All foz.load_zoo_model(...) kwargs:

Kwarg	Default	Notes
`media_type`	`"image"`	`"image"` or `"video"`
`operation`	`"detect"`	One of 7 ops above
`classes`	`None`	Required for `detect`; optional for `layout`
`prompt`	`None`	Required for prompt-based ops
`single_instance`	`False`	Grounding only
`generation_mode`	`"hybrid"`	`"hybrid"` / `"fast"` / `"slow"`
`max_new_tokens`	`2048`
`do_sample`	`True`
`temperature`	`0.7`
`top_p`	`0.9`
`repetition_penalty`	`1.1`
`frames`	`None`	Video: # evenly-spaced frames. `None` = every frame (native rate)
`fps`	`None`	Video: target sampling FPS (overrides `frames`)
`every_nth`	`None`	Video: sample every Kth frame (overrides others)

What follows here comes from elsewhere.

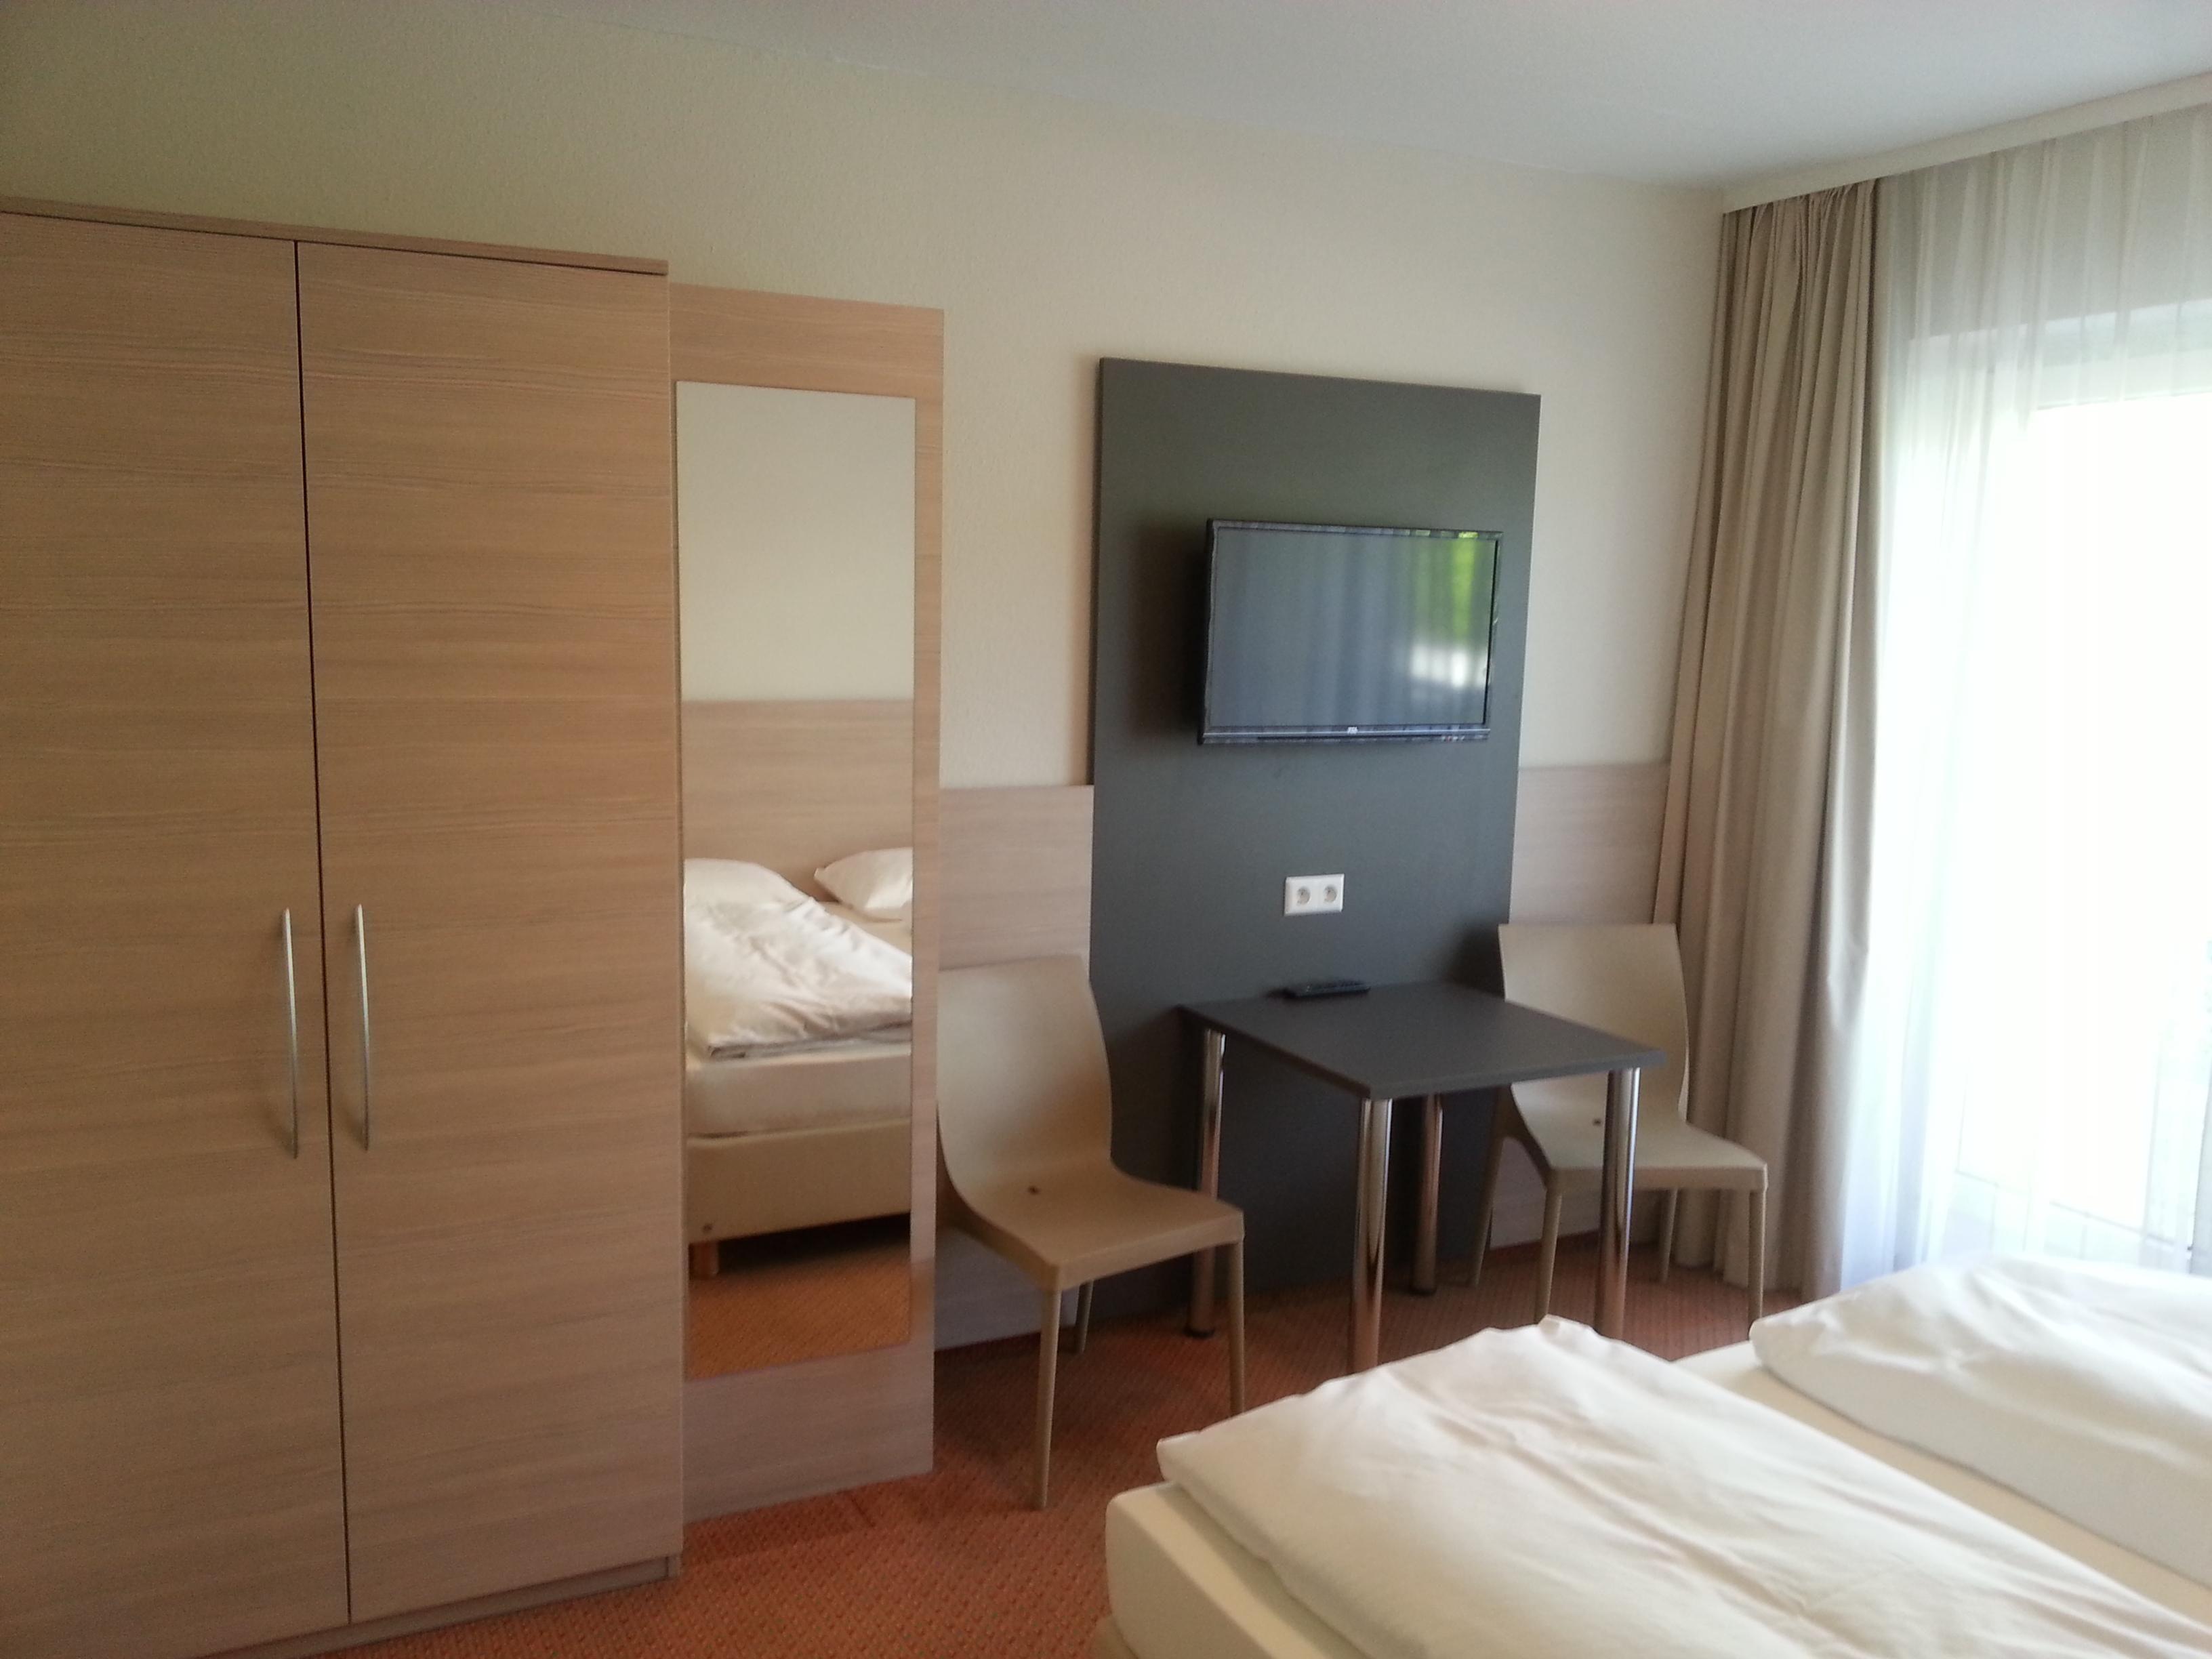 Alle Zimmer Mit Dusche/WC, Föhn, Teilweise Safe, Kabel TV,

For per-sample prompts (instead of a single static prompt=), pass prompt_field="field_name" to dataset.apply_model(...).

Limitations#

No confidence scores: the model emits no per-detection scores; fo.Detection.confidence is None. Affects mAP tie-breaking.
Single-image inference at the model level; no native batching.
bf16 on CUDA; fp16 on MPS; fp32 on CPU. Apple Silicon works but is slower.
Video is frame-by-frame: no temporal modeling, no cross-frame tracking.
Layout taxonomy is 4 classes (title, paragraph, figure, table); for other layouts use detect with your own class list.

Known-working dependency pins#

The Eagle pyproject pins specific versions. If you hit issues with the looser ranges in our manifest, try:

transformers==4.57.1
tokenizers==0.22.0

License notice#

LocateAnything-3B weights are released under the NVIDIA License (non-commercial research only). This wrapper is MIT, but the model it loads is not free for commercial use.